Let me dig up my rant from the other day in Jen's thread, and I'll add it here

I'll preface by saying that I don't know all "worlds" of caulk use. I'm quite familiar with boats and campers; and somewhat familiar with houses and cars. But not skyscrapers, etc. (I know "structural" silicone is used to put large glazing panels on skyscrapers, for example, but I can't speak to it.)

Okay, modified rant from the other day (recycling points! )

Butyl is *not* just "old-school" -- it works amazingly well. And if you did want to be more modern, there are things like polyurethane caulk and others. Never silicone! [on a fiberglass camper] I pray that anyone reading this (and you for future windows) gets the message. I rarely post with such firmness about techniques, but, in my opinion.... no silicone! Yes, this is probably as close as I get to a ranting, drooling lunatic; I have had to remove much DPO silicone in my life (mostly on boats).

Here are my reasons:

1) It does not do a great job of sealing; there will be something better for 99.99% of sealing operations (maybe 100% on a fiberglass boat or camper).

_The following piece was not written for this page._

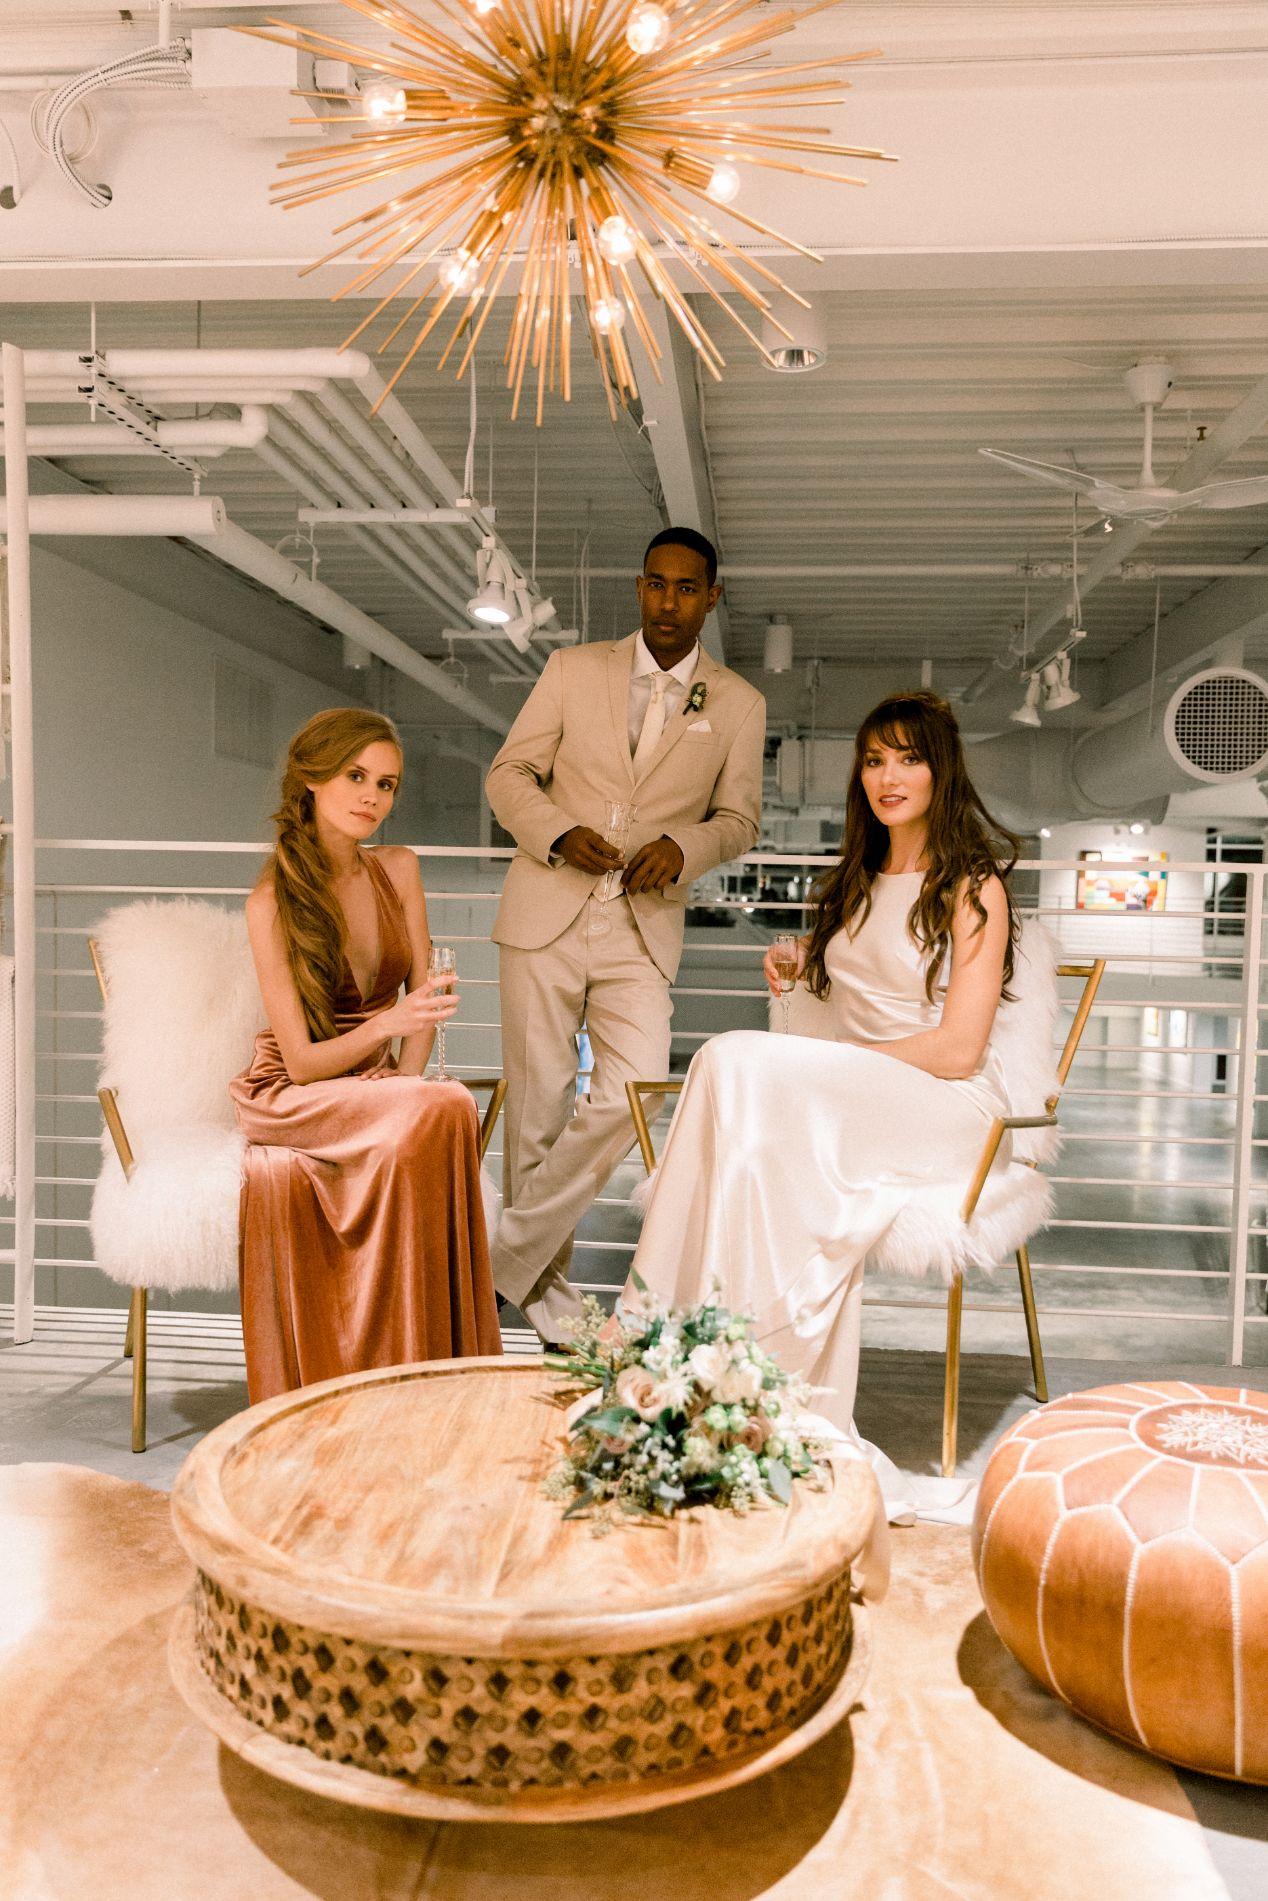 artists-for-humanity-industrial-bohemian-wedding-daylynn-designs380.jpg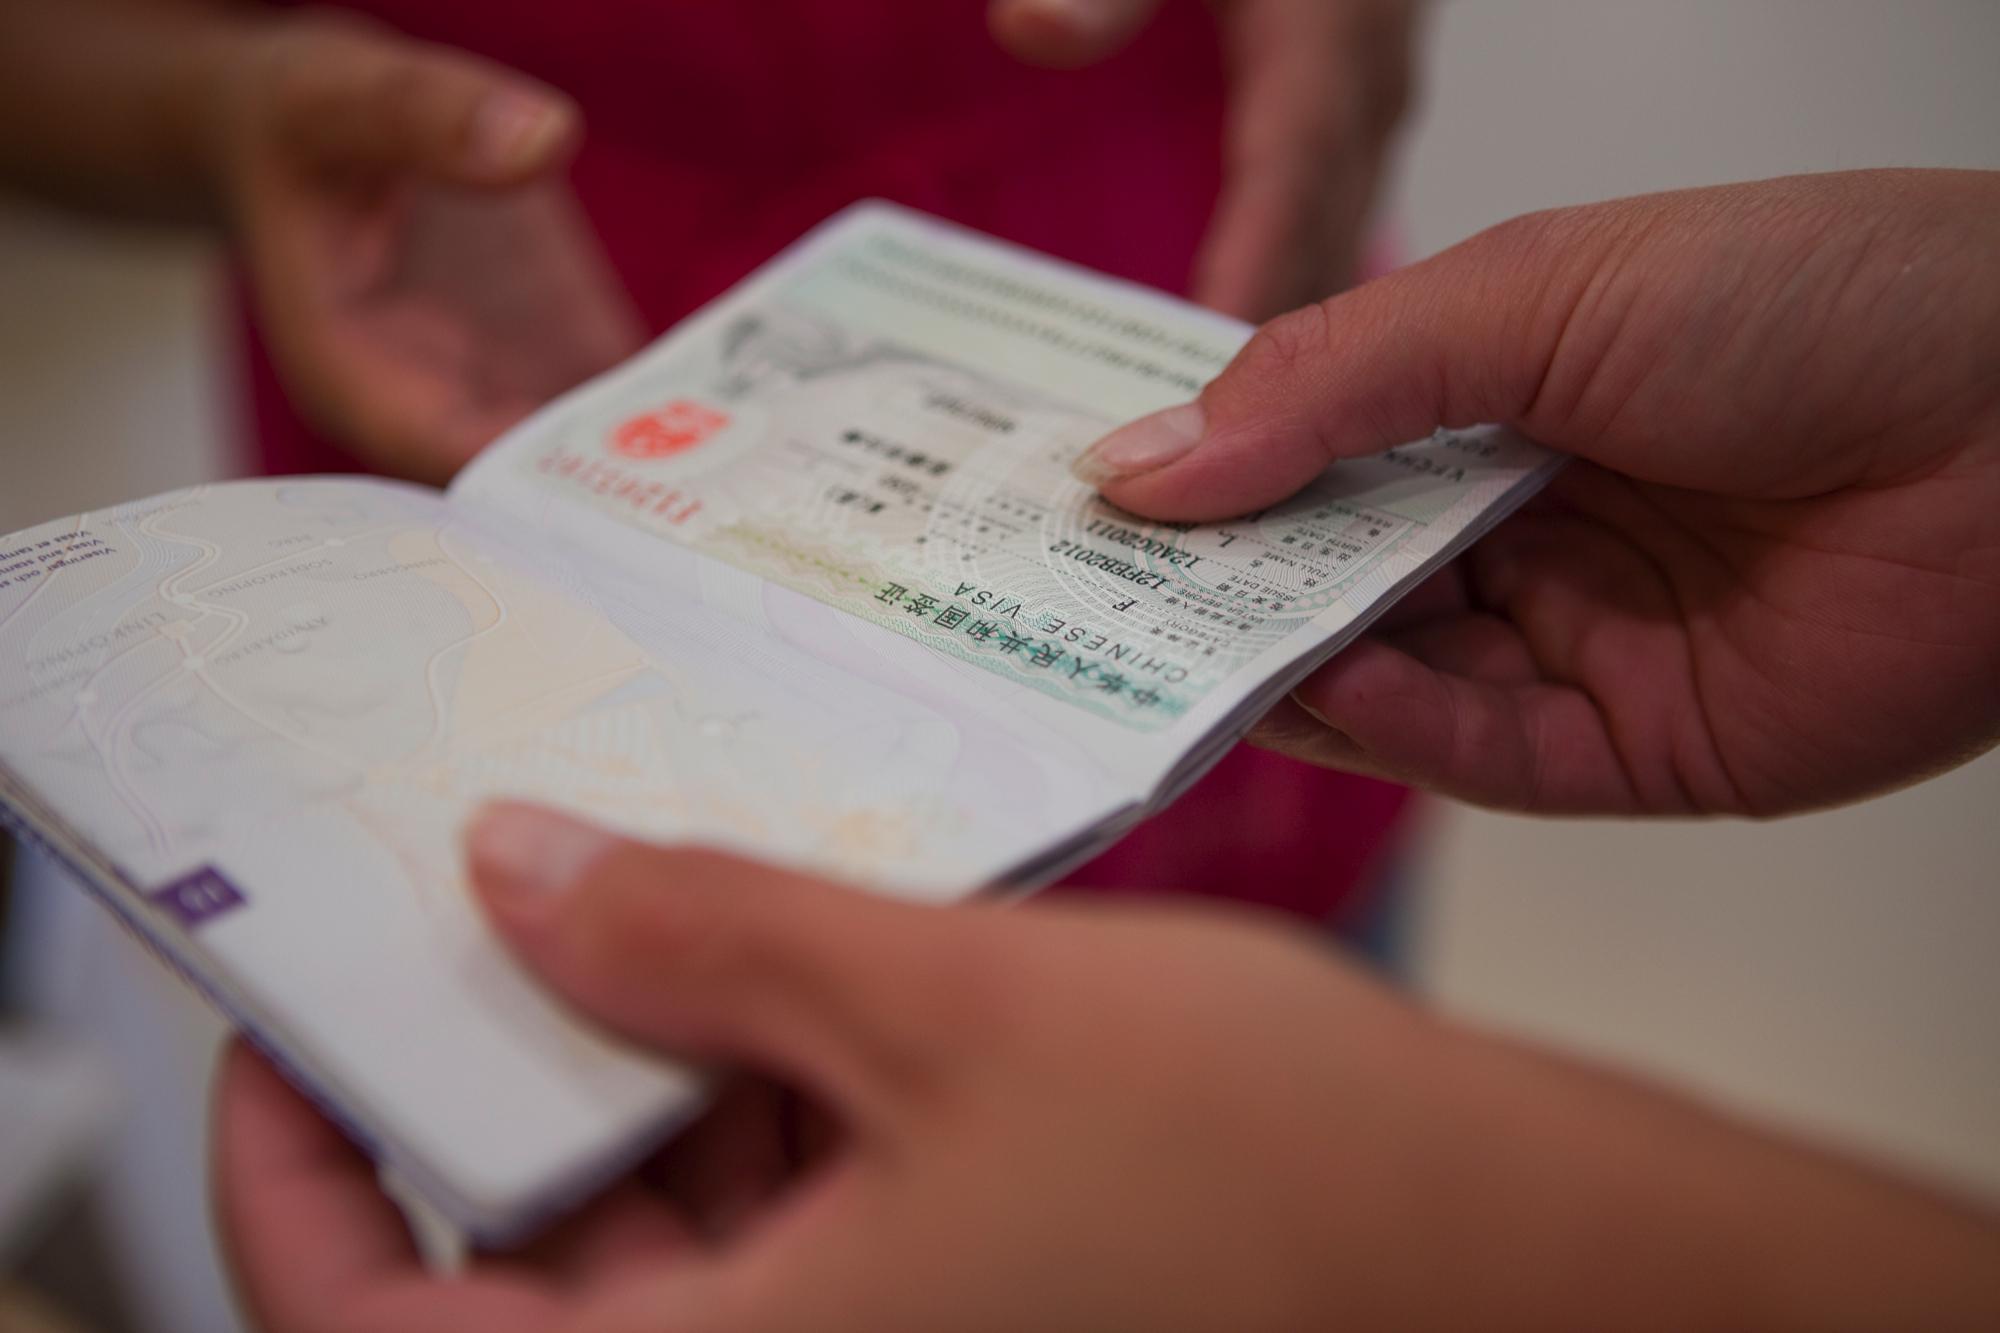 Et pas er et meget vigtigt officielt rejsedokument, der naturligvis skal være i orden – ellers kan det få konsekvenser for den rejsende. Arkivfoto fra Comet Consular Services.

2) When you have to remove it...

3) Even when it *is* finally gone (or so you think), and you are lying, spent, on the garage floor with every last curse sucked out of you (and your fingernails bent and broken)... it's not gone Silicone leaves an insidious, powerful, invisible, soaked-in oil behind that will prevent any future paint, caulk, etc. from adhering properly. Just mention silicone around a car body/paint shop, and watch the pitchforks come out.

Okay, in case you can't tell, I'm not a fan of silicone

The thing is, if it were a case where there were no alternative, well, okay, we'd just have to suck it up and use it. But there are alternatives. Good ones. Excellent ones, even! And then you never have to end up on that garage floor, cursing and nursing those bent and broken fingernails.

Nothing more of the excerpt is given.